THE NIGHT THIS STANFORD CANDIDATE GOT AN UNUSUAL CALL FROM HER FATHER
The essay goes on from there. “In managing a complicated family dynamic,” adds Shinewald, “he realizes the importance of truly paying attention to what someone is saying, and he adroitly hones this skill through challenging community work, which itself equips him to solve personal and professional problems. Throughout, the applicant creates a narrative that is deeply thoughtful and calming. His voice in the essay gives the reader the sense that he is a fundamentally introspective person who draws power from reflection. But do not try to simply replicate his voice in your essay. What is critical is finding your own.”
Or, how about this compelling story written by Helena, a successful candidate to Stanford GSB. The opening is equally dramatic and gripping, too.
Six months into joining JP Morgan, I got a call from my dad close to midnight. The call itself wasn’t unusual—my parents liked to check in on me—but the discussion was. He needed me to keep this conversation between the two of us. He needed money.
“Helena’s story of financially helping her father—and subsequently her entire family—is a moving one,” notes Weale. “Taking on that responsibility as a recent college graduate must have filled Helena with both stress and concern. Yet the story of her father’s plight accounts for only a small portion of the essay, and a meaningful theme emerges: Helena is fueled to grow, learn, and achieve for herself, then apply her growth, learnings, and achievements to help others.”

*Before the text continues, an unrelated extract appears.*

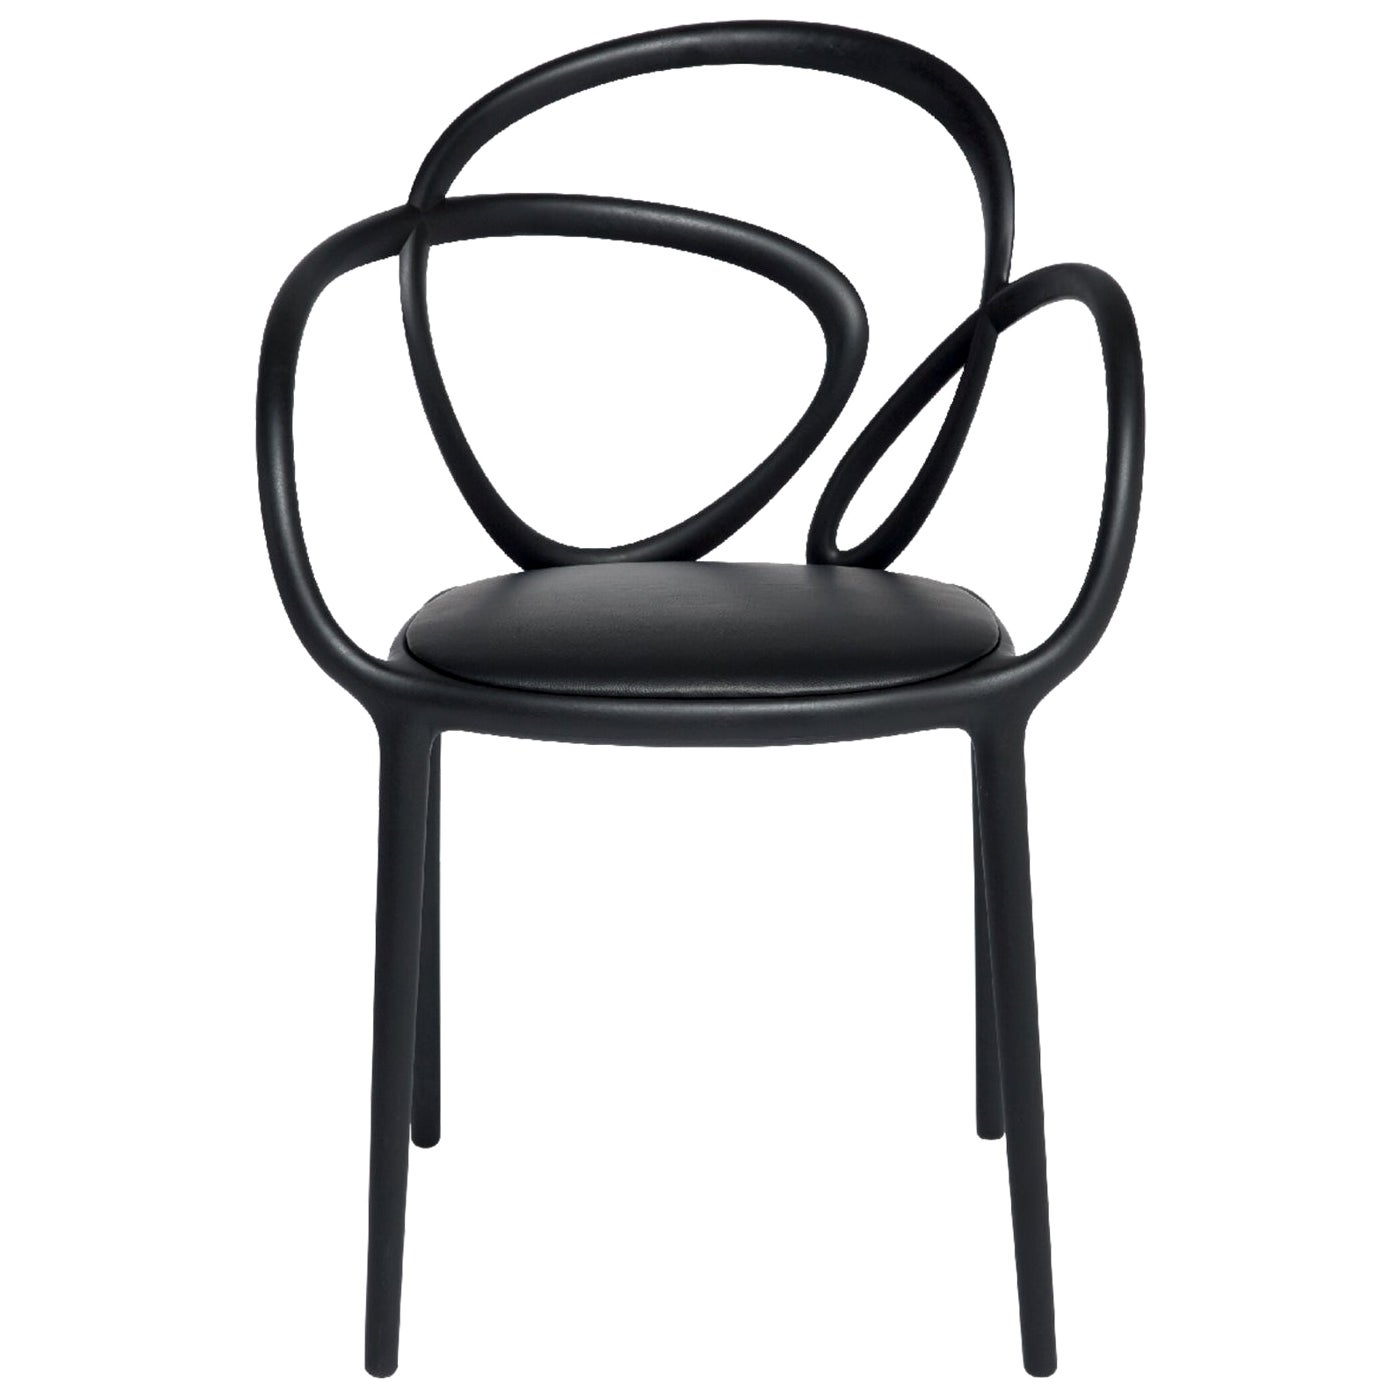 Black Loop Padded Armchair, Made in Italy

Just how Helena navigates these themes into an essay of 751 words is something of a work of art. But she clearly pulled it off. The candidate draws from a number of stories and moments from her life to make her point. “As she moves from one time period to another, the consistent element (beyond her theme) is her use of specific details to make each story stand out,” adds Weale. “Yes, we say it time and time again—such precise particulars make your story one that only you can tell; moreover, they enable the reader to better envision your world. She also dots the essay with a few asides that give the reader more insight into who she is, even beyond her core thesis. Throughout, we see a strong, optimistic, and caring leader, one who is willing to contribute however she can to improve the circumstances of those around her.”